America is no stranger to political violence. But usually, it comes from the right. Mass shootings are routinely carried out in public in America by men with far-right political agendas, who massacre church worshippers, grocery shoppers or high school students in the service of a cause; the death toll from these explicitly political atrocities has been assimilated into our social fabric, hardly registered as assaults made on behalf of a movement. Meanwhile, far-right militias, from the polo-wearing Proud Boys to the masked and khakied Patriot Front, hold parades meant to intimidate their political enemies and the populations they consider undesirable. Sometimes, they threaten or beat people; sometimes, they surround state capitols with guns on display. Once, they stormed the Capitol. Rightwing political violence is likely to shape the 2024 election, and barring the emergence of a dramatically different political settlement, it will be a feature of American life for the foreseeable future.
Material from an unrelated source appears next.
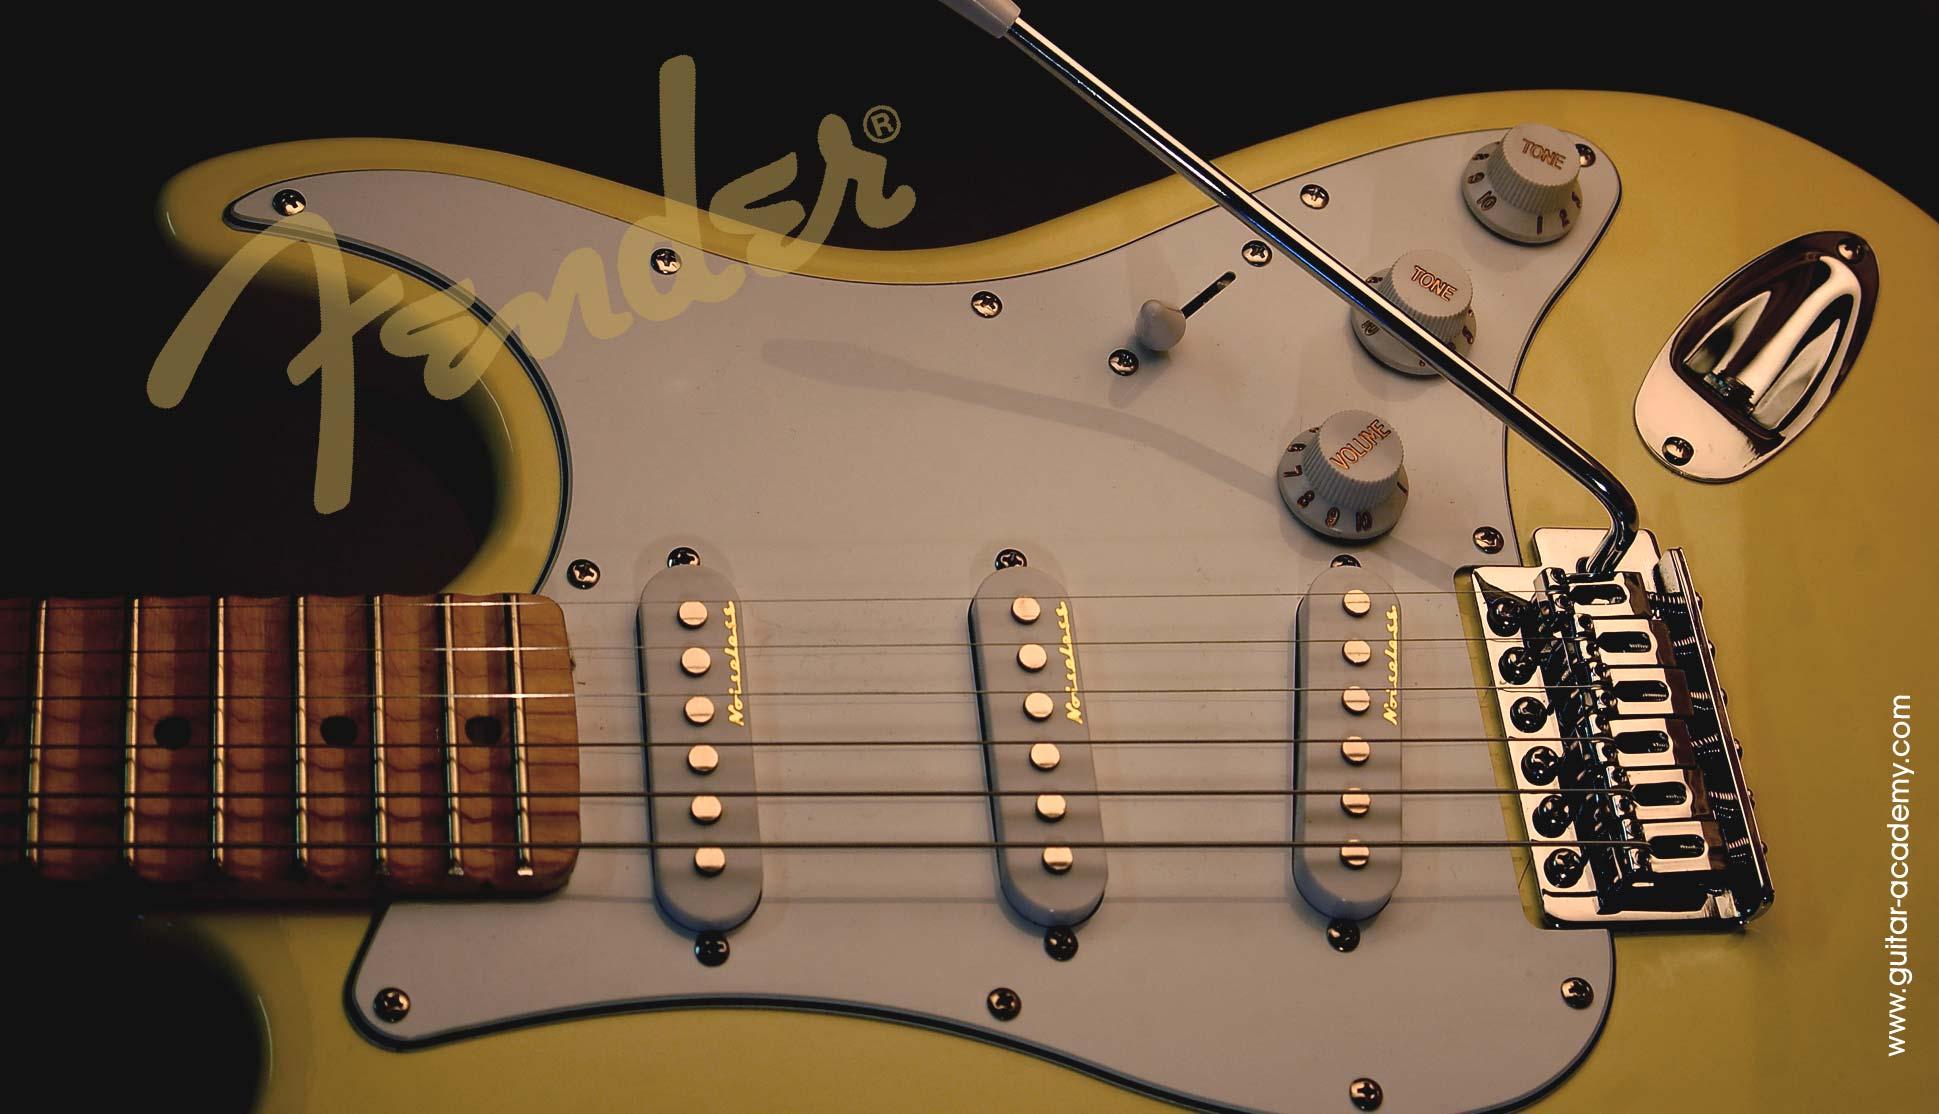 Guitar wallpaper Fender Stratocaster guitar 1939x1114

But the left, by contrast, is a much less violent group. There was incidental property violence at Occupy and during the 2020 Black Lives Matter protests; every now and then, during the Trump administration, some black-clad anarchists would show up at a Nazi rally and throw a punch. But this violence is sporadic, not programmatic; it is neither a primary feature nor an end of the American left. Self-immolations are an exception: a kind of violence the left commits. But these, too, are different from rightwing violence in one morally crucial respect: those who commit self-immolation do not kill anyone but themselves.

Why has the left not produced more political violence? You would think that the more violent side would be the more desperate side – the ones who are always losing. Perhaps the gap is simply because conservatives are so heavily armed.

But I also like to think that violence is often not compatible with leftwing projects – which are, after all, about human value and dignity, about principle and repair, about a better future. However foreclosed the possibilities seem, however hopeless the struggle for justice may appear, there remains a possibility for a better world so long as those of us committed to one remain here on earth, struggling. It is our loss that Aaron Bushnell is no longer here to struggle with us.